# Flex lesson: Data Science Tools

# WHEN YOU COME TO CLASS
- Open Jupyter Notebook
- Download and open DS-DC-14_05-data-science-tools
  - Located in lesson 05
  - If you have git working feel free to use git pull
- Go to `File > Make a copy` and save a new copy of the notebook with your initials in the name

## LEARNING OBJECTIVES
- Identify the data science toolkit
- Navigate Git and the Command Line
- Get your own GitHub repo
- Learn a simple framework for choosing visualization types

## STUDENT PRE-WORK
Before this lesson, you should already be able to:

- Explain the difference between variance and bias
- Use descriptive stats to understand your data

### Intro: Tools of the Trade

Today, we are going to review some of the tools we use in data science and see how they fit into the wider programming environment.

## The Data Processing Pipeline
Objective: Summarize how data is processed, who does the processing, and what tools they frequently use
1. Collection and Archiving
  - Get data sources and make lasting back-ups
2. Data Profiling
  - Look at summary statistics to identify major errors in the source data
3. Data Staging and Conformance (Extract, Transform, Load)
  - Combine datasets, check compatiblity, prepare them for useful storage
4. Data Storage/Data Warehousing/a pile of spreadsheets
  - Make sure data is stored in a manner to is easy to access for decision makers and analytical teams
5. History and Auditing
  - Track the history of the database and double check that information is accurate
6. Data Marts and Services
  - If need be, create easy data access tools/layers. This can be an API, a Data Access Layer to use with a programming language, a simplified table in a database, or a spreadsheet that collects useful information
7. Analysis and Modeling
  - Summarize the data as a working model or analytical piece
8. Presentation
  - Summarize results to decision makers and clients

#### Who does what?
1. Collection and Archiving 
  - System Administrators
2. Data Profiling 
  - Data Engineer, ETL team, individual researcher
3. Data Staging and Conformance/Extract, Transform, Load 
  - Data Engineer, ETL team, individual researcher
4. Data Storage/Data Warehousing/a pile of spreadsheets 
  - Database Administrator, Data Engineer individual researcher, or anyone who deals with spreadsheets
5. History and Auditing 
  - Database administrator, individual researcher
6. Data Marts and Services 
  - Database Administrator, Back-end programmer, individual researcher
7. Analysis and Modeling 
  - Data Analyst, Back-end programmer, individual researcher, many office workers
8. Presentation 
  - Front-end developer, Data Analyst, individual researcher, many office workers

#### Tools of the trade?
1. Collection and Archiving 
  - Unix scripts and utilities, Perl, Python, specialized software
2. Data Profiling 
  - Unix scripts and utilities, Perl, Python, specialized data profiling software
3. Data Staging and Conformance/Extract, Transform, Load 
  - Unix scripts and utilities, Perl, Python, SQL specialized ETL software, Big Data
4. Data Storage/Data Warehousing/a pile of spreadsheets 
  - SQL, Perl, Python, Java, Excel, Big Data
5. History and Auditing 
  - SQL, specialized software
6. Data Marts and Services 
  - SQL and just about any programming language (C/C++, C#/Java, Python, R, MatLab, Ruby, PHP, Go ...), Excel
7. Analysis and Modeling 
  - Visualization tools (Excel, tableau), specialized modeling tools, programming languages (C/C++, Java, Python, Clojure, F#, R, MatLab, Scala)
8. Presentation 
  - Microsoft Suite, HTML/Javascrpt, Python, R, MatLab, Visualization tools (Excel, tableau)
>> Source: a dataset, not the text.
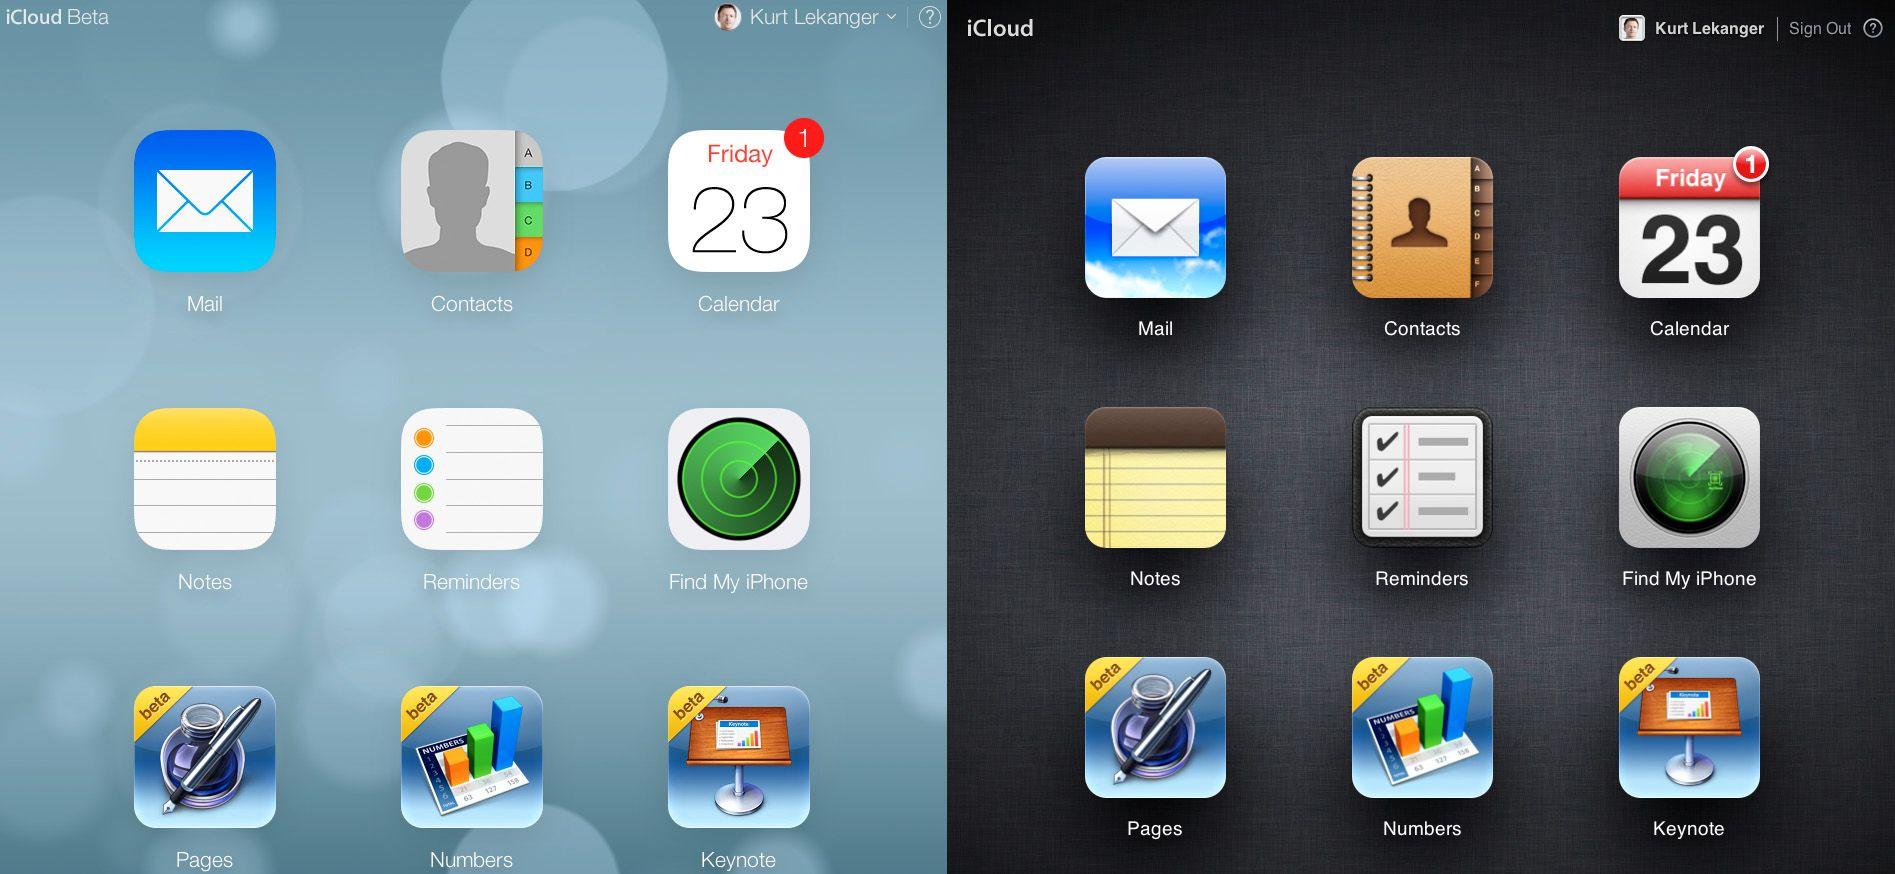 Slik ser den nye og den gamle versjonen av iCloud ut ved siden av hverandre.
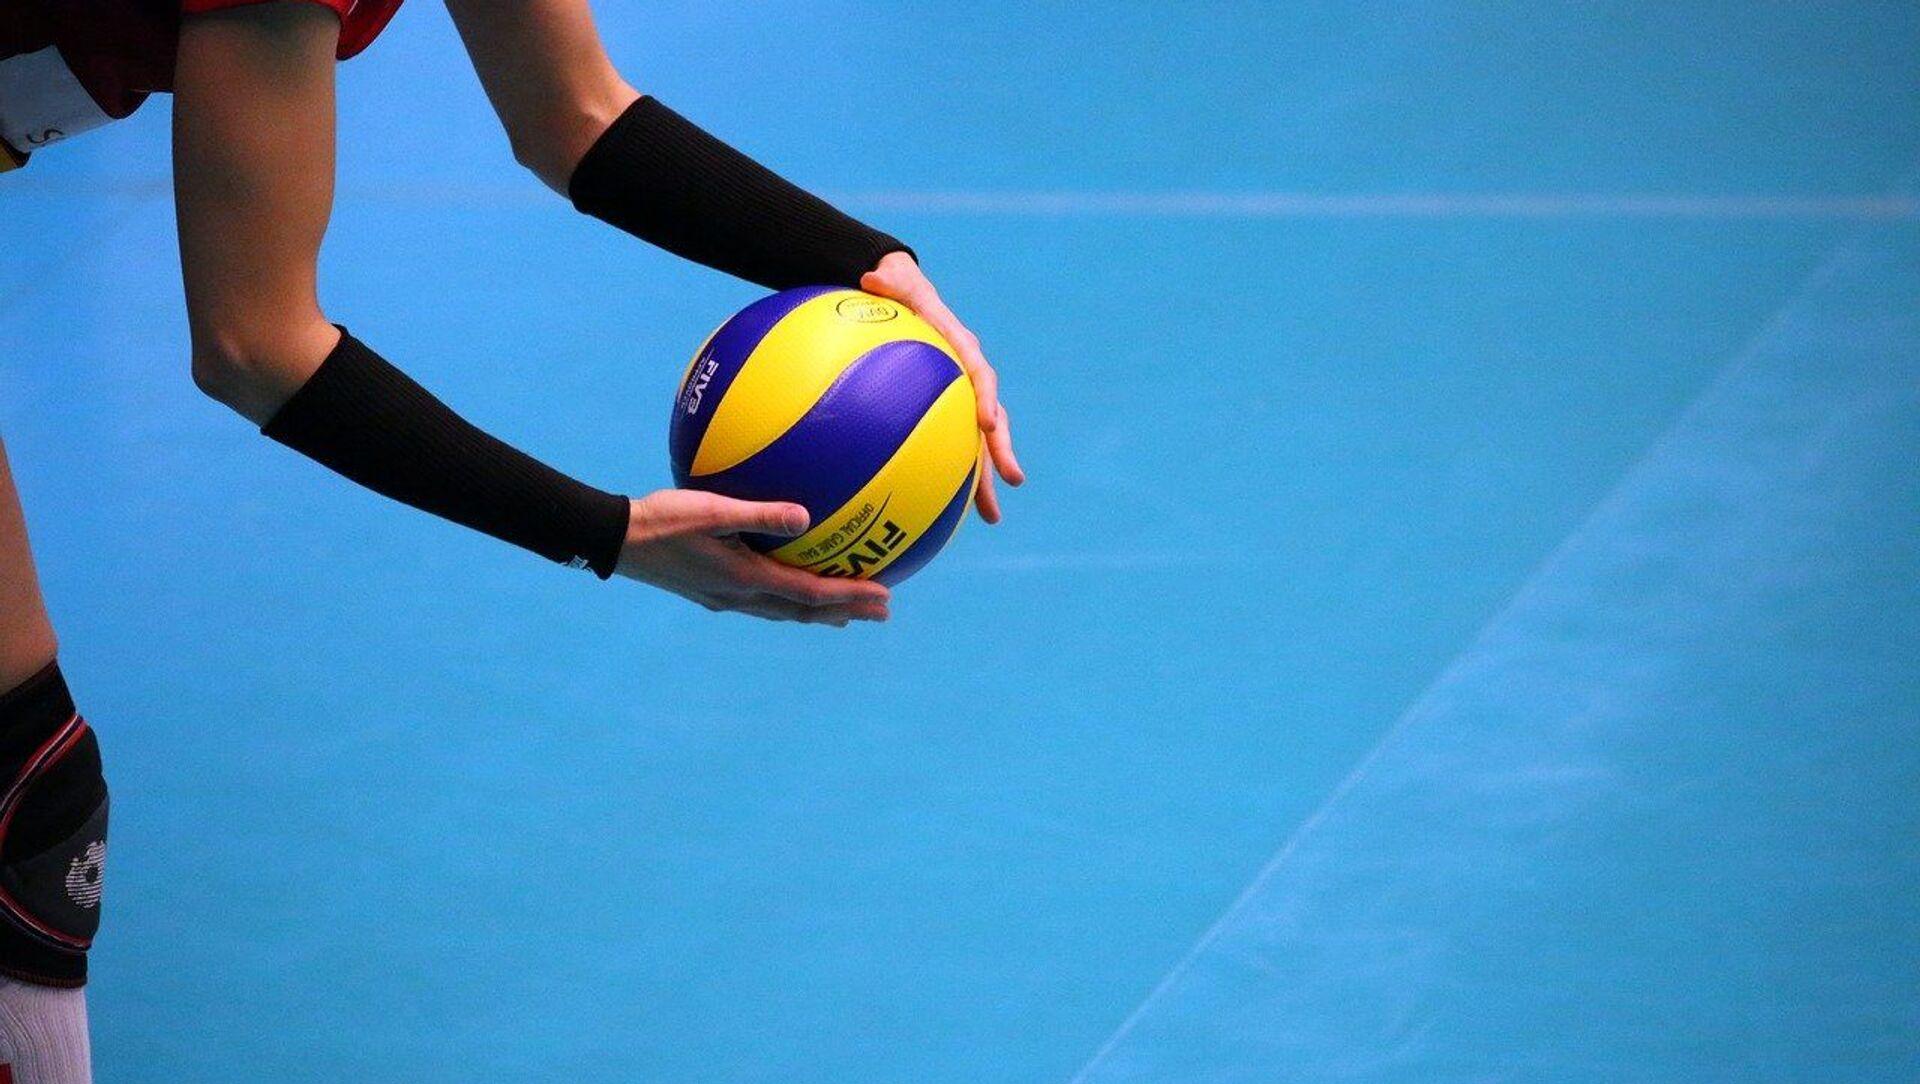 Volley-ball  - Sputnik France, 1920, 24.08.2021

#### KNOWLEDGE CHECK: PAIR AND SHARE (5 min)
- Think about your own projects and how this data process fits in this workflow
- Turn to someone at your table and briefly explain the workflow


- Do you think the pipeline is missing some steps?
- Who did what section of the project
- Are there any specialized tools that you think are common, but we didn't mention?


#### What do data scientists use?
- SQL
 - Essentially a universal vocabulary for data access
- Modeling friendly language such as Python, R, MatLab, Scala, Java, Clojure, or F#
  - Depends on industry
  - Access to data, modeling tools, and automating grunt work
- Some kind of version control Git, SVN, Mercurial
  - Organize your own work
  - Make your work easy to share on various teams
  - Provides a subtle excuse to talk to the programmers while they fix your merge conflicts
- Command line/Terminal
  - Better control of your computer, automating grunt work
- Text editor or Integrated Development Environment
  - So you can edit code
- Additional helper software for visualization, machine learning, industry specific modeling, or something that helps bridge the communication gap with another team that works with the data.
  - This is a very long list, the most common requests tend to be industry specific libraries, databases (Postgresql, MySQL, Cassandra, Spark, Hadoop), data extraction and summarization tools such as Splunk
- Most importantly: Your knowledge and intuition of everything that will go wrong that your teammates haven't even considered

#### KNOWLEDGE CHECK (1 min)

Think to yourself

How do these tools fit with the idea that data science is the intersection of programming, traditional research, domain knowledge?

### Local machine

On your local machine you have a variety of tools at your disposal, including:

    Text editor
    Programs/Packages/Tools
    Your files

All of these can be accessed through terminal and many can also be accessed through a GUI, or Graphical User Interface.

### Command line
Objective: Become comfortable with navigating through file directories using a Command Line Interface

This is your portal to your computer and the outside world.

#### What is a command?
They are small programs, a lot like the Python functions we have been using. 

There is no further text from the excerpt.